TokenBucket - Blog NivelEpsilon

Let’s be honest. Cloud architecture promises infinite scalability, but sometimes it feels like we’re herding cats wearing rocket boots. I learned this the hard way when my shiny serverless app, built with all the modern best practices, started hiccuping like a soda-drunk kangaroo during a Black Friday sale. The culprit? AWS API Gateway throttling under bursty traffic. And no, it wasn’t my coffee intake causing the chaos.

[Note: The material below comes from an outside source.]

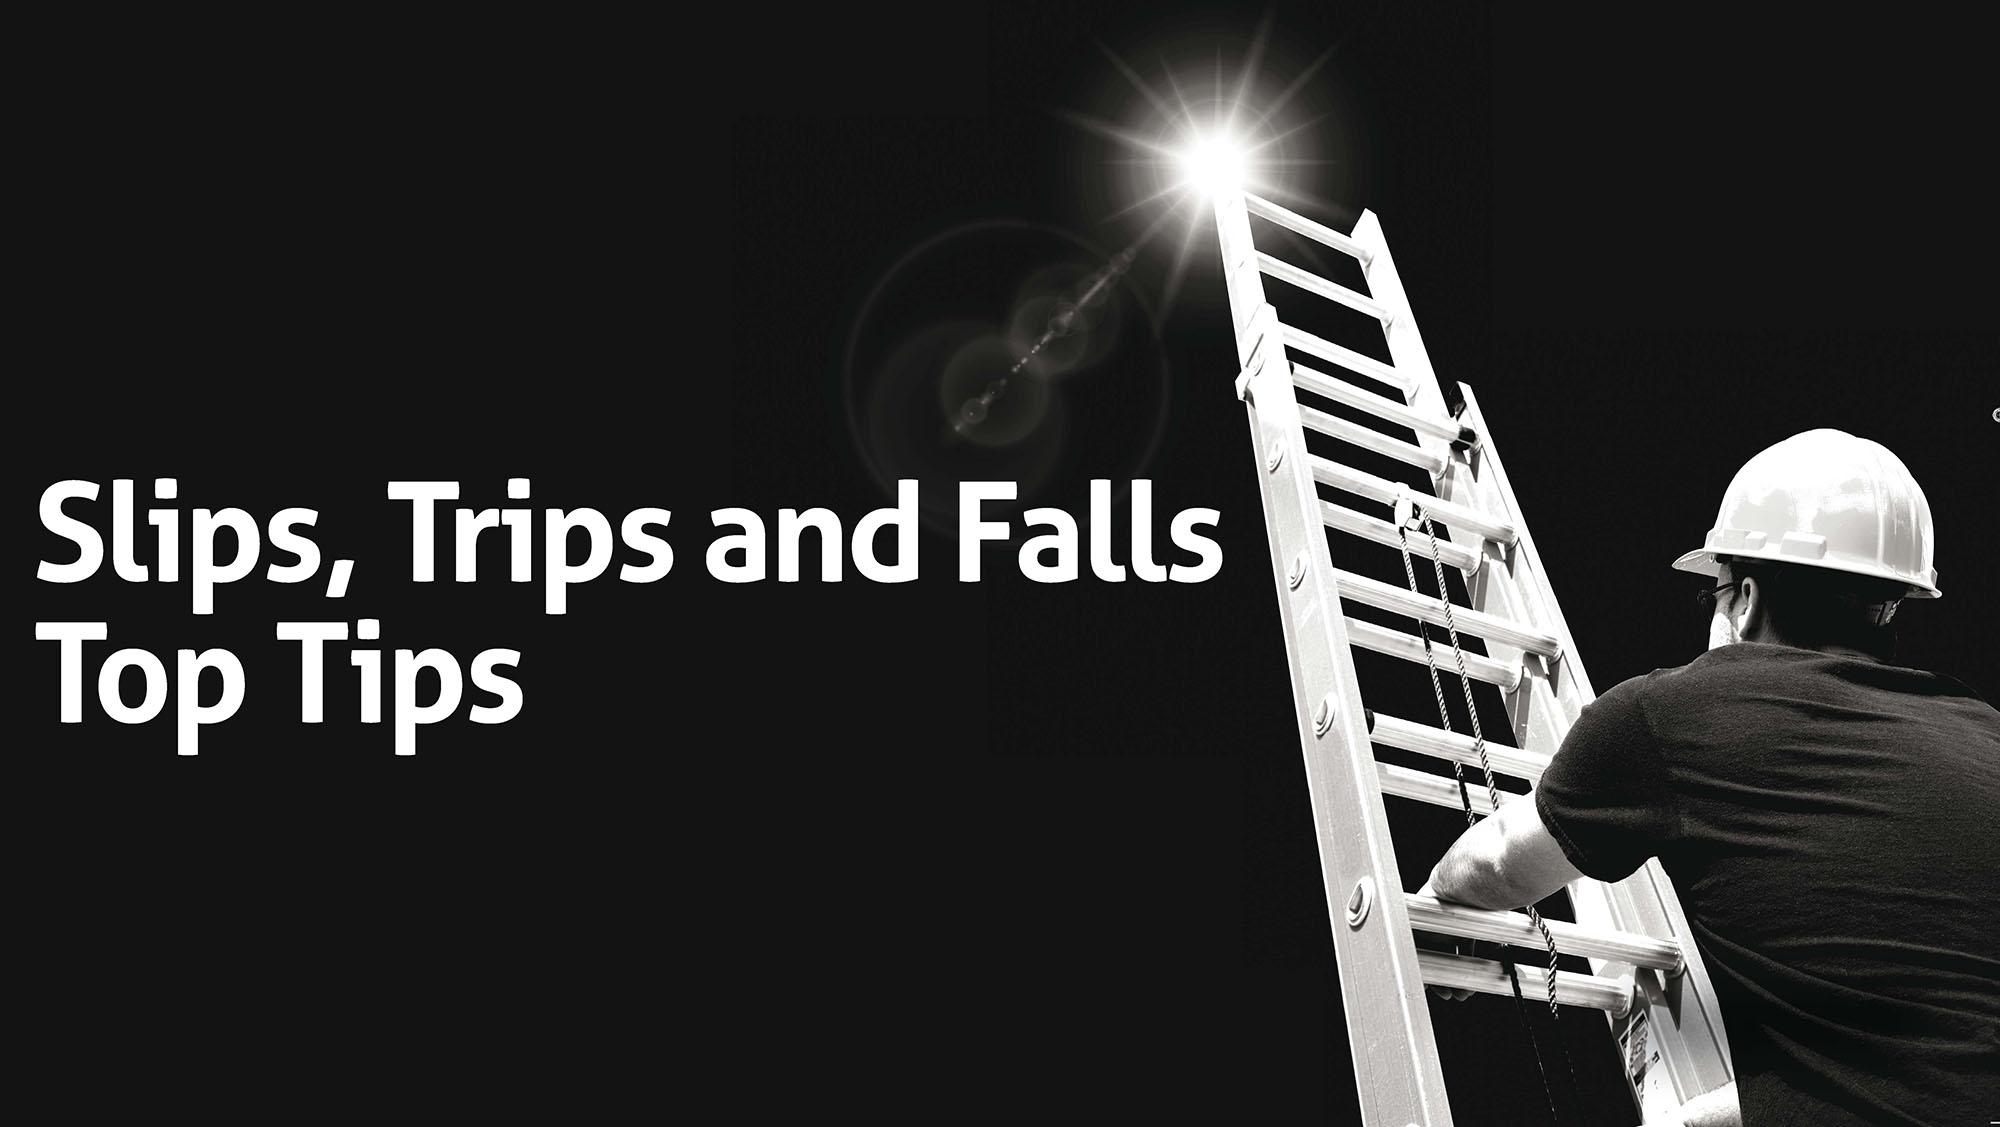 Slips trips3.jpg

The token bucket, a simple idea with a sneaky side

AWS API Gateway uses a token bucket algorithm to manage traffic. Picture a literal bucket. Tokens drip into it at a steady rate, your rate limit. Each incoming request steals a token to pass through. If the bucket is empty? Requests get throttled. Simple, right? Like a bouncer checking IDs at a club.

But here’s the twist: This bouncer has a strict hourly wage. If 100 requests arrive in one second, they’ll drain the bucket faster than a toddler empties a juice box. Then, even if traffic calms down, the bucket refills slowly. Your API is stuck in timeout purgatory while tokens trickle back. AWS documents this, but it’s easy to miss until your users start tweeting about your “haunted API.”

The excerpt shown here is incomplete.